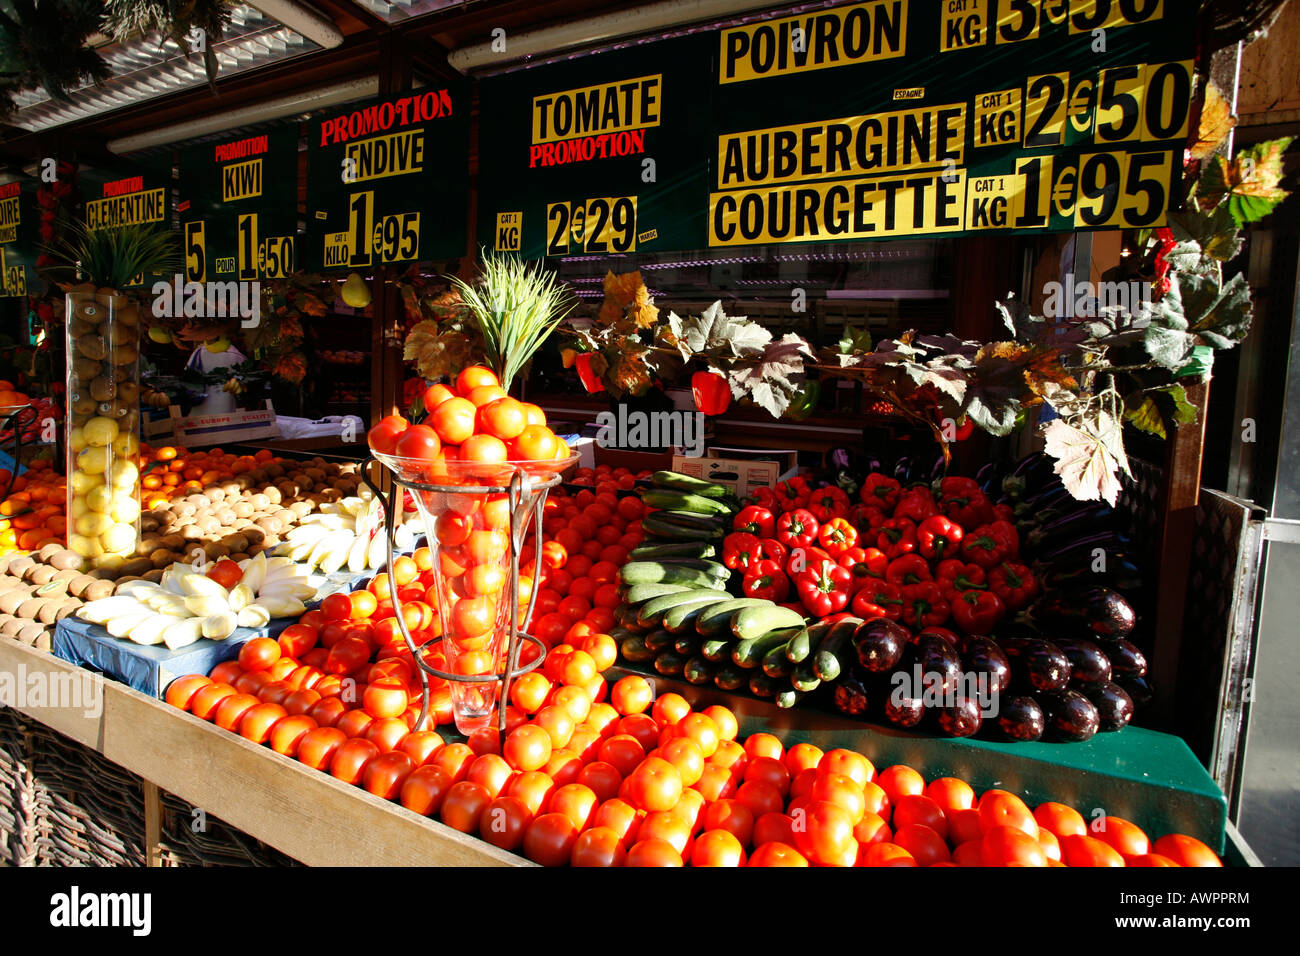 Store selling produce, Rue Montorgueil, Quartier Les Halles, Paris, France, Europe Stock Photo
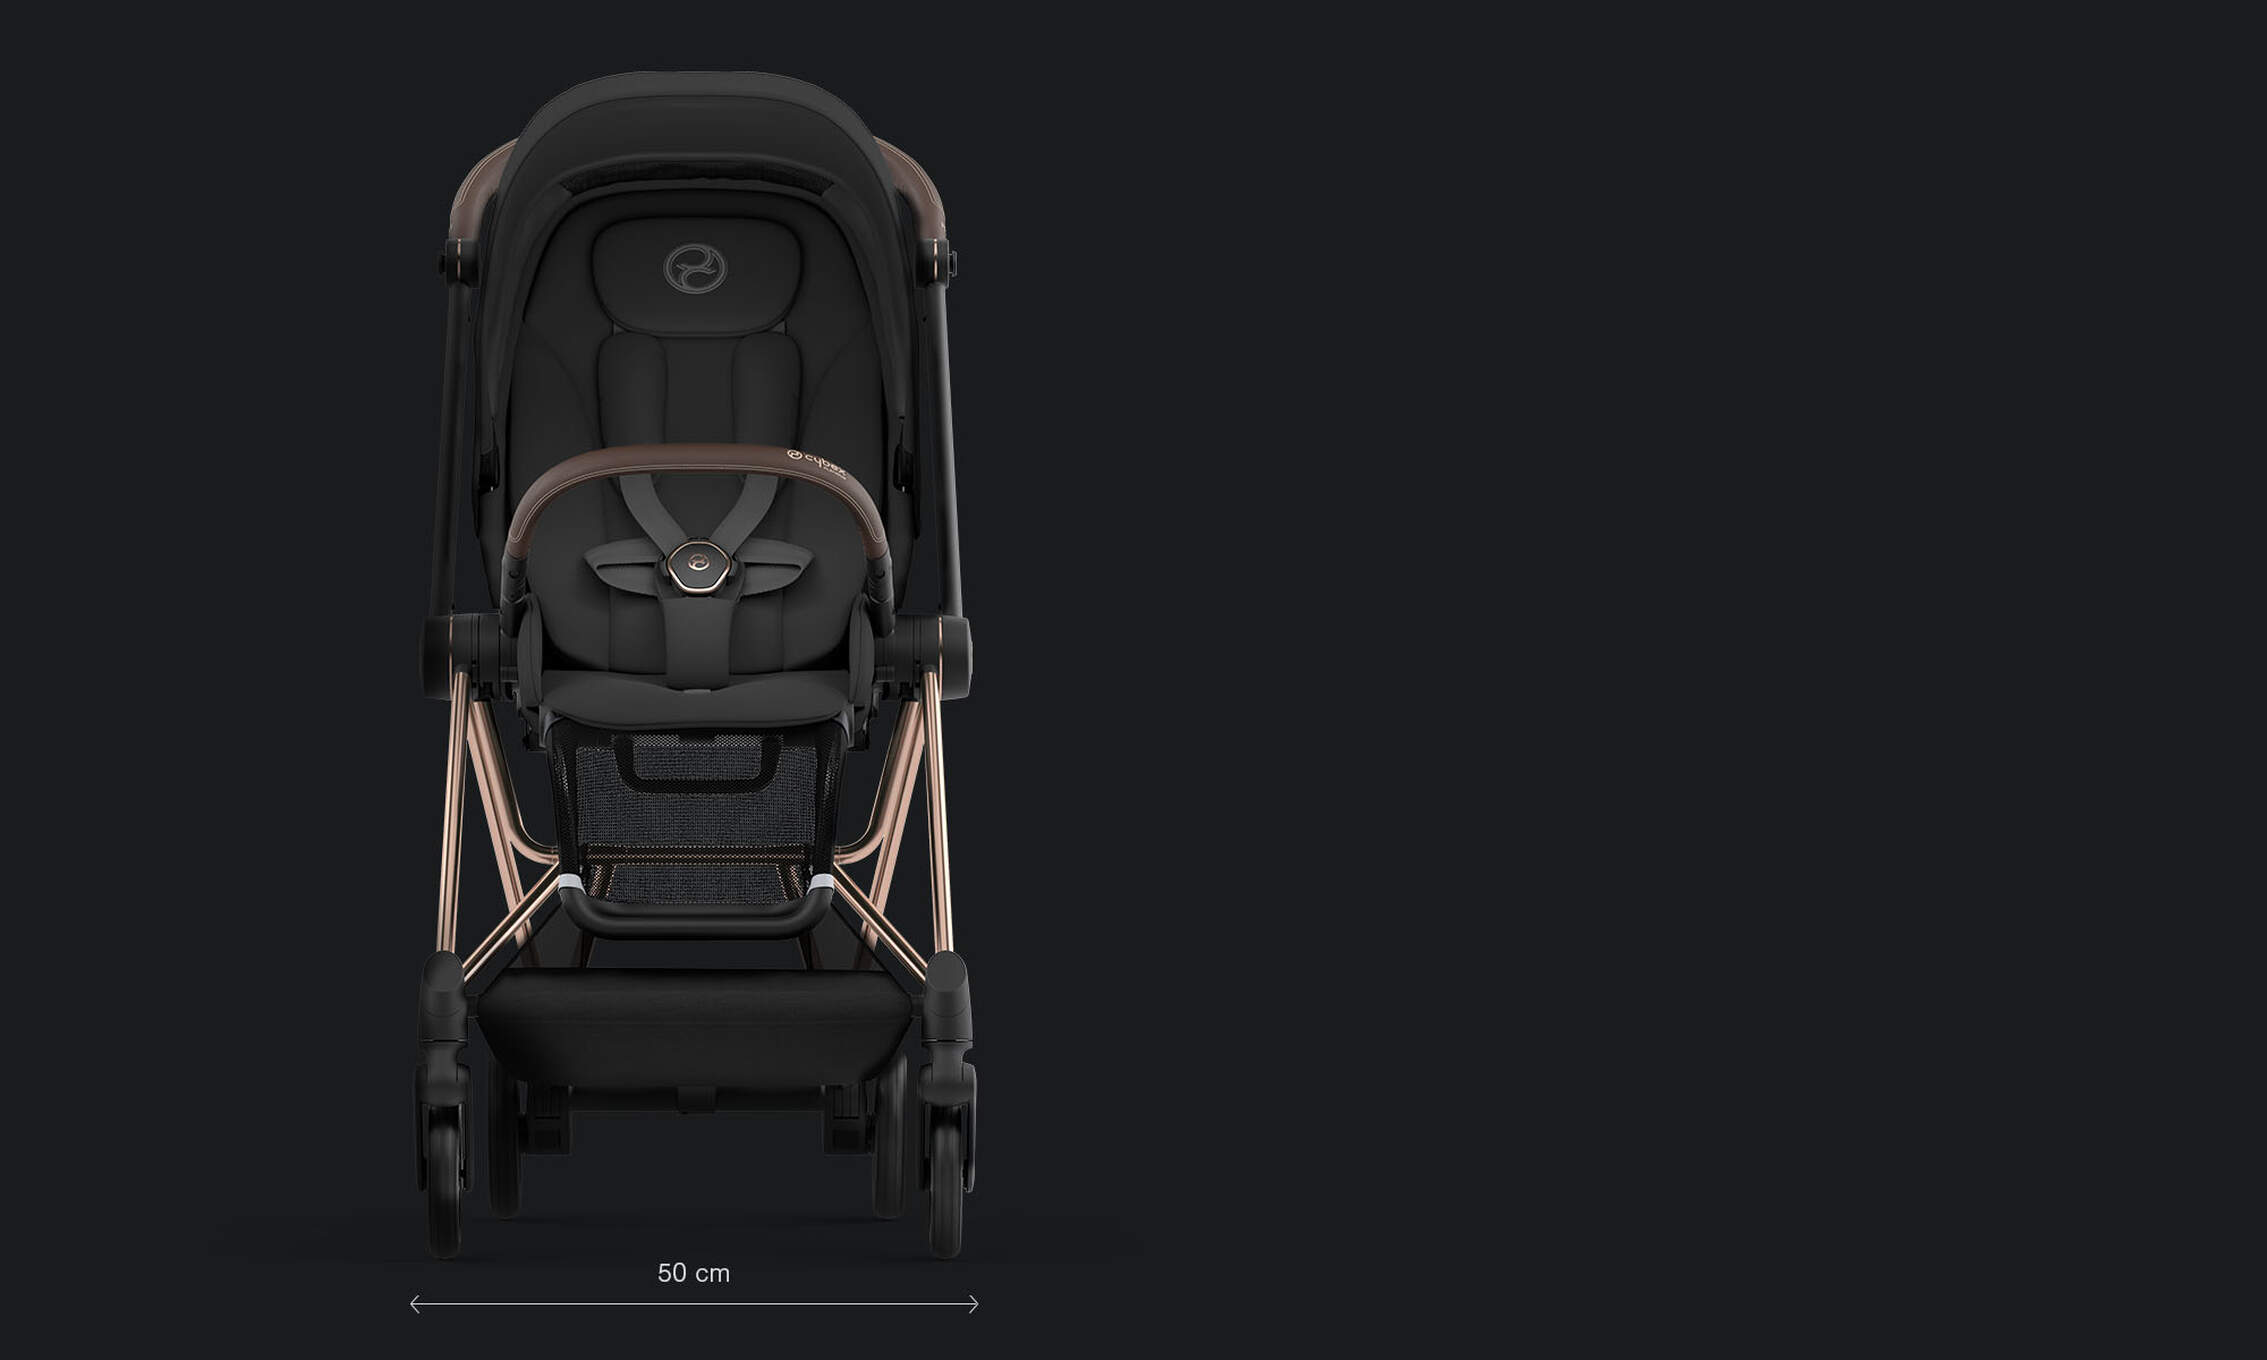 CYBEX Platinum Mios Kinderwagen Leicht und kompakt Funktion
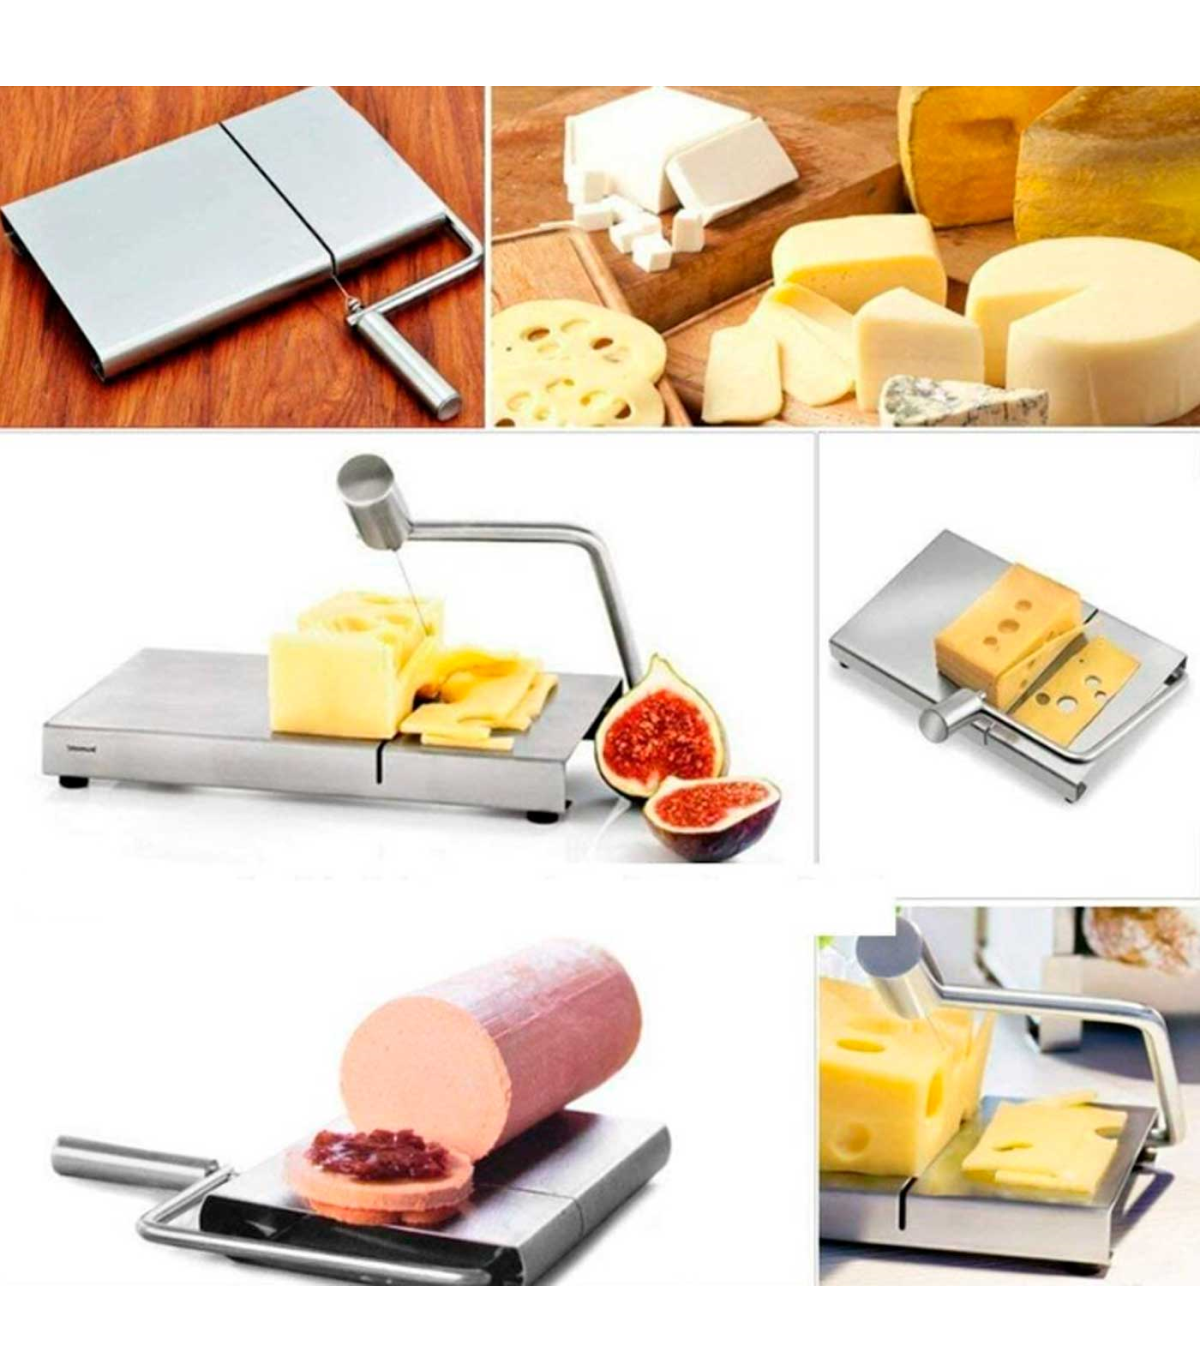 https://tradineur.com/83333-superlarge_default/tradineur--cortador-de-queso-manual-guillotina-de-acero-inoxidable-incluye-5-hilos-de-repuesto-corte-ajustable-cortar-mantequill.jpg
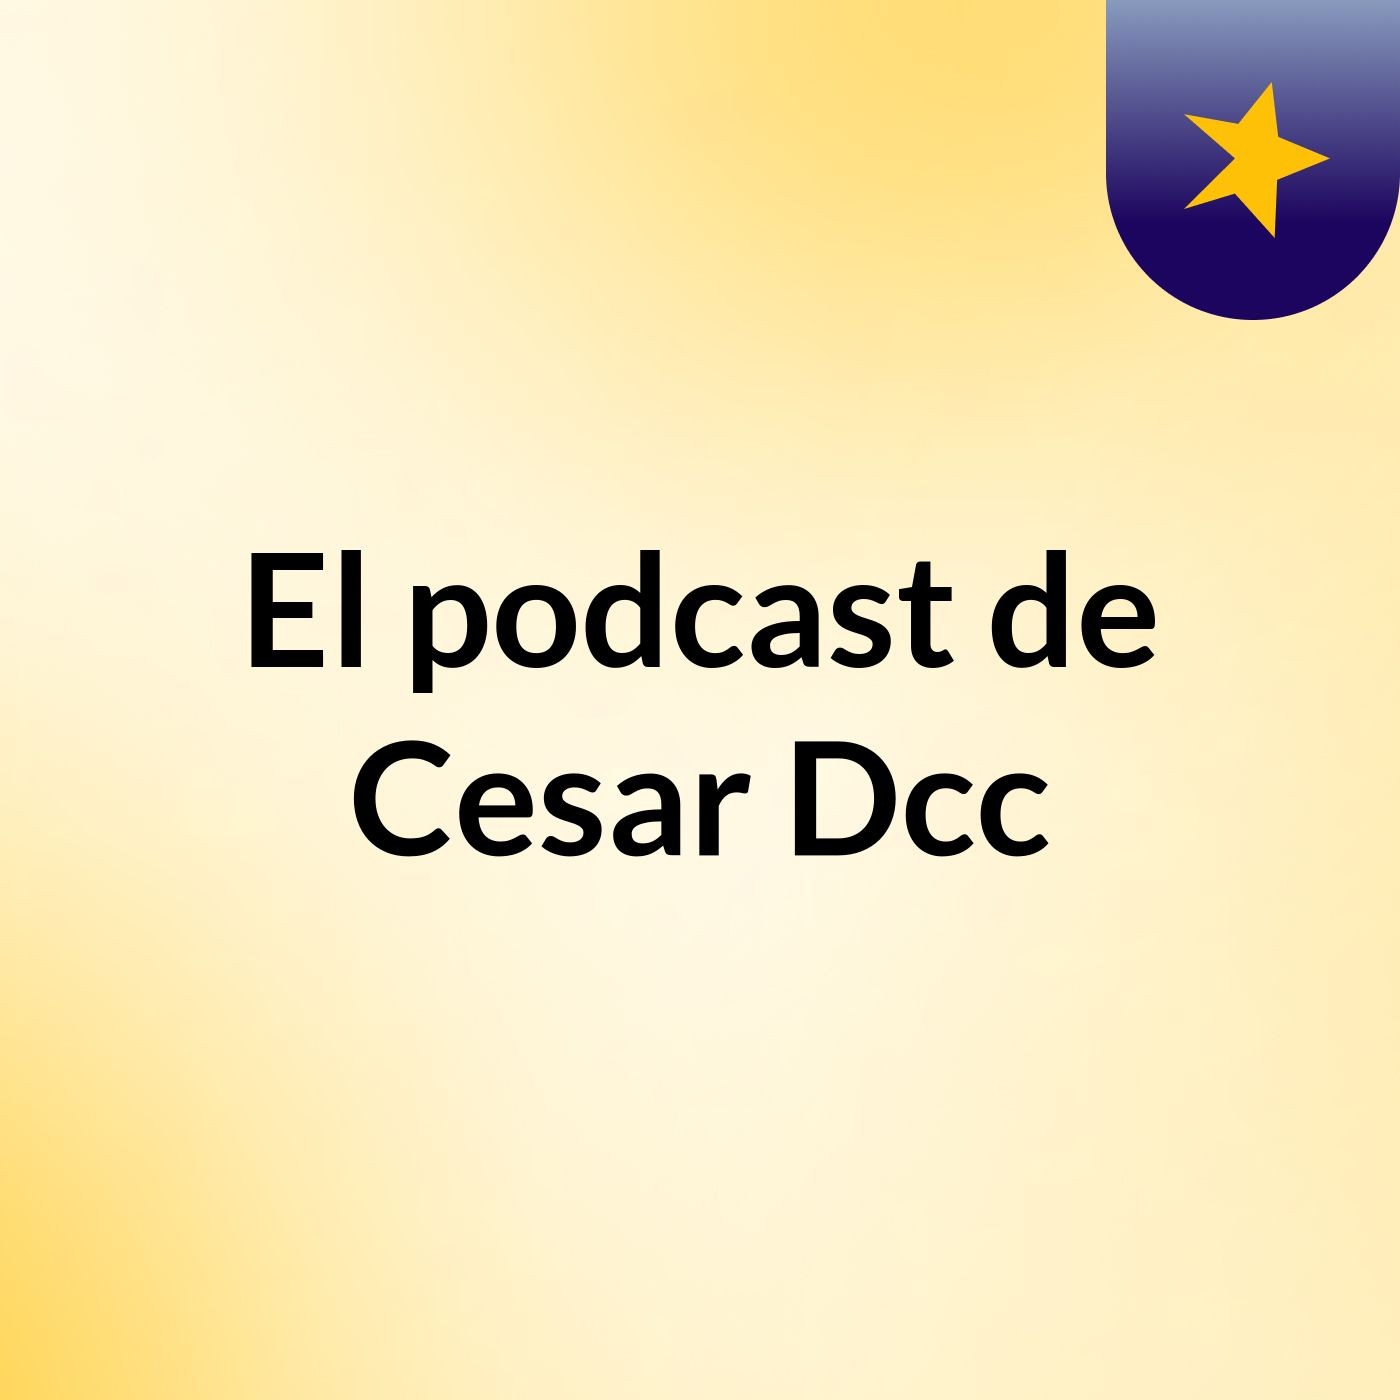 El podcast de Cesar Dcc

* [Requirement] Leave every picture out and write out exactly the lines from the line with "CYBEX Platinum Mios" through the last line of the material.

* [Answer to this task]
 CYBEX Platinum Mios Kinderwagen Leicht und kompakt Funktion
 https://tradineur.com/83333-superlarge_default/tradineur--cortador-de-queso-manual-guillotina-de-acero-inoxidable-incluye-5-hilos-de-repuesto-corte-ajustable-cortar-mantequill.jpg
 El podcast de Cesar Dcc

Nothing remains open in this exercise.